I can't believe Mullarkey was paid to write an art review. What a waste of art jargon on kids! There's other, valid ways to talk about 9/11 art. This review shows one art critic's distance from what's considered important by an art public in general – because no one else, curators, critics, writers, artists, etcetera, thinks it's important to waste time berating kids' art.
Geez, what a dick.
@GailPink: Christ, what an asshole.
@laurel I was referring to the critic.
@GailPink It's a reference to cartoons in The New Yorker.
"bien pensant avoidance of the obvious" gets you a timeout in THIS house!
"And would it kill these kids to learn a little something about perspective and spatial relationships?"
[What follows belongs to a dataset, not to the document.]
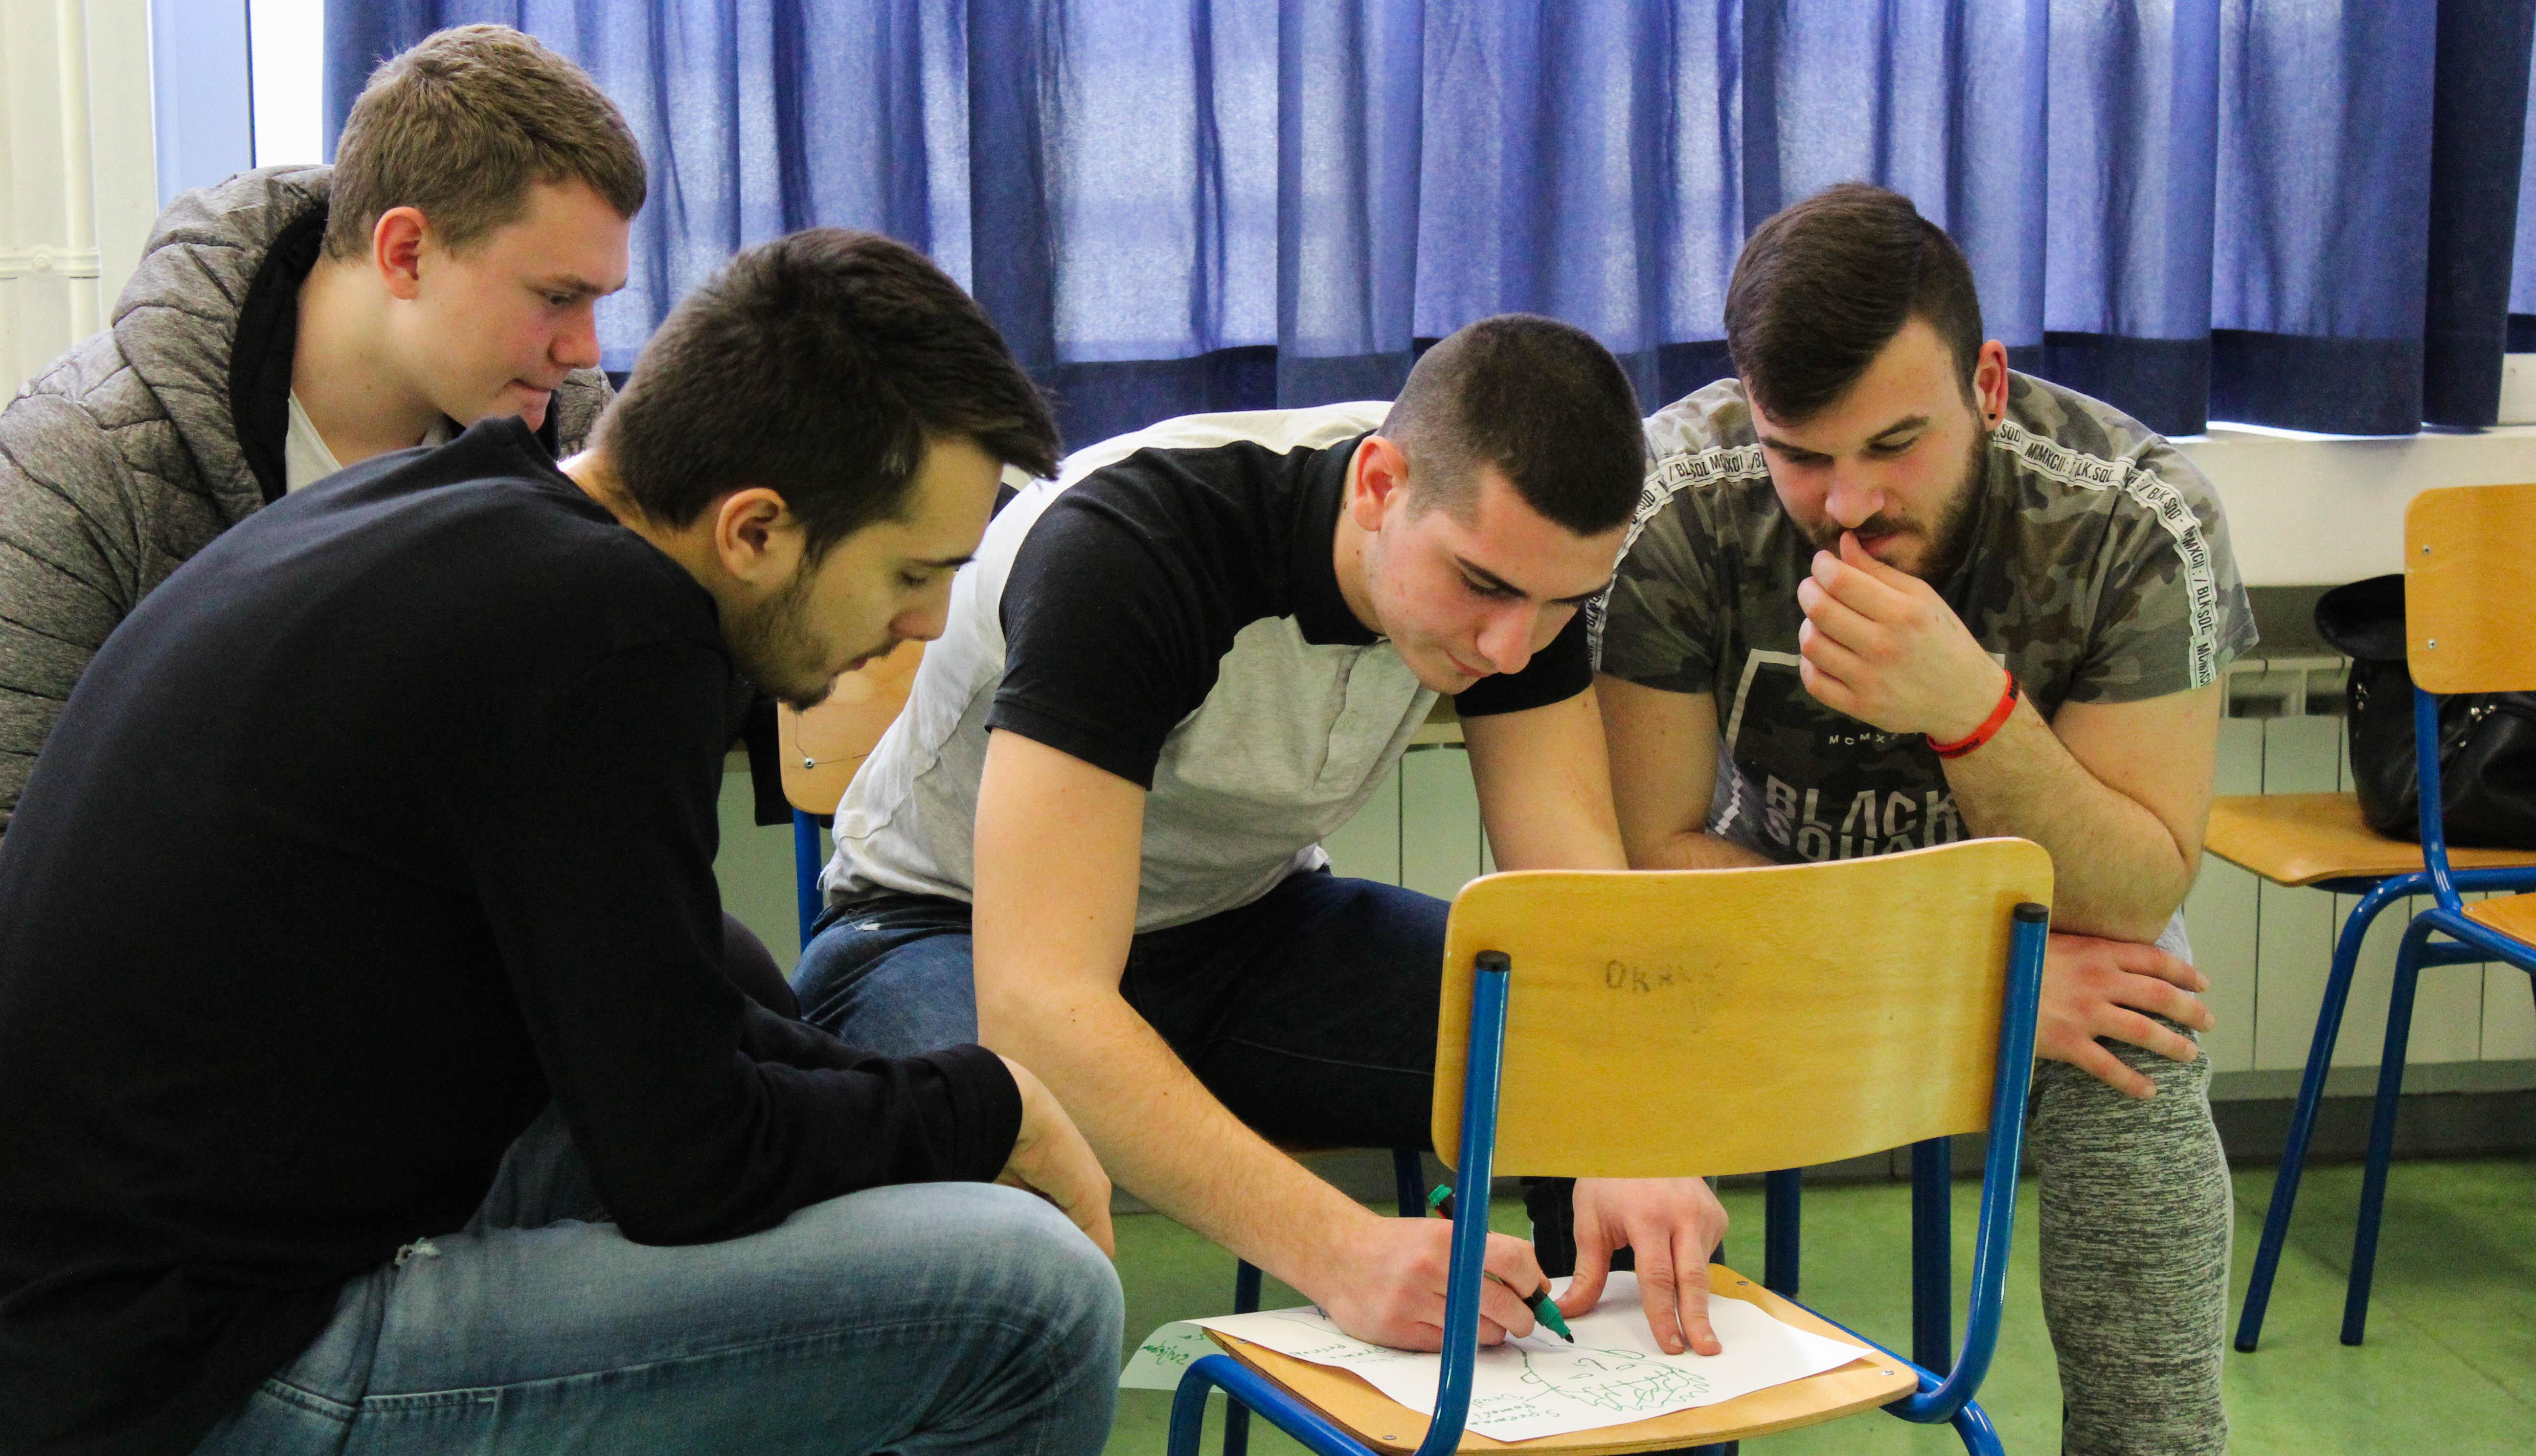 Održali smo prvu radionicu o volontiranju sa učenicima Obrtne tehničke škole Split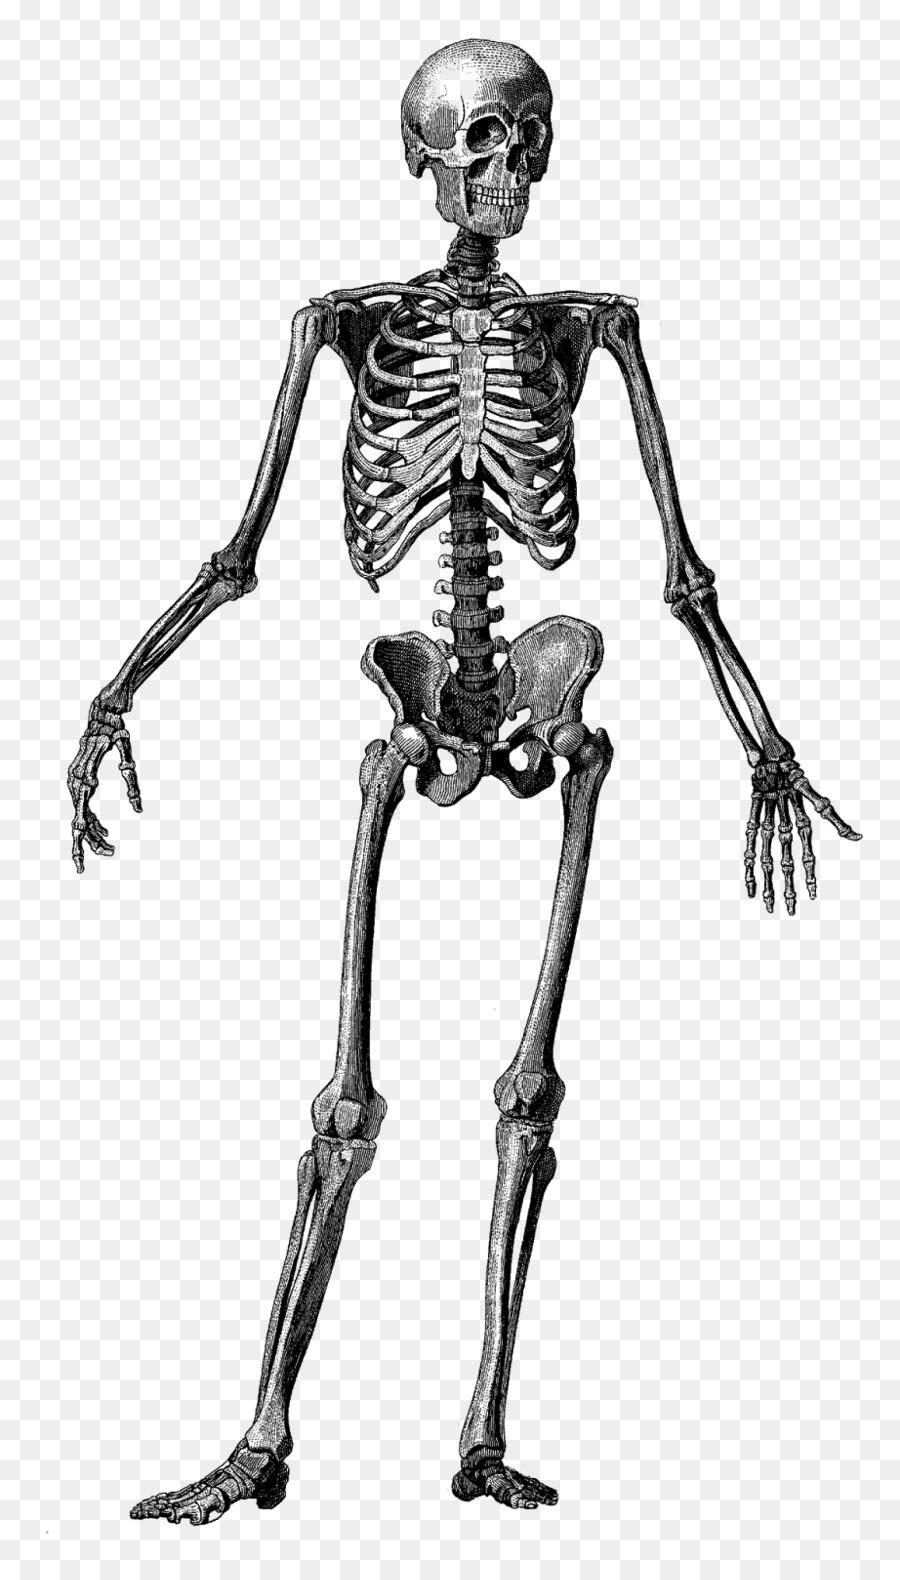 Esqueleto humano cuerpo Humano Anatomía Ósea - Esqueleto png dibujo ...

I'll bet he prefers Breughel the Elder.
@HiredGoons: Step back.
This is what happens when even a single conservative gains a shred of credibility in the art world. Don't let this happen again, art-people.
i wonder what he has on his refrigerator.
I did not know that "then, as now—Jews are the preferred target of bias crimes." Did I miss a vote?
@TennisCourtOaf I prefer transpeople, myself, but to each his own!
@linernotesdanny (I'M TOTALLY KIDDING, PLEASE PROTECT TRANSPEOPLE, EVERYONE)
RUN, CHILDREN. This guy is clearly not afraid to use enhanced interrogation techniques on a 5-year-old.
@Aatom: Watercolorboarding.
Calhoun is notorious for its shallowness. They toss around words like "empathy" and "diversity" as if they somehow substitute for real teaching and engaged students. It's more a North Korean "re-education" operation than a school. I had two kids there for years, and watched its decline from a pretty good school into a citywide joke.
"Commemorating 9/ll by means of children’s artwork sentimentalizes the event and allows us to avoid calling the events of that day acts of war. 9/11: Through Young Eyes severs its subject from the only thing by which it can be measured and understood: historical context."
Whether you agree with her or not Ms. Mullarkey seems to be very clear about her point concerning the exhibition, as shown in the first paragraph of her post copied above. Mr. Sicha's characterization of it as being a "really mean review" is at about the same intellectual level of an eighth grader's claim that 9/11 was "a really bad thing". As to whether Sicha's claim shows the depth of his understanding of Mullarkey's point and the extent of his descriptive capabilities or is merely him being disingenuous is up to the reader to decide.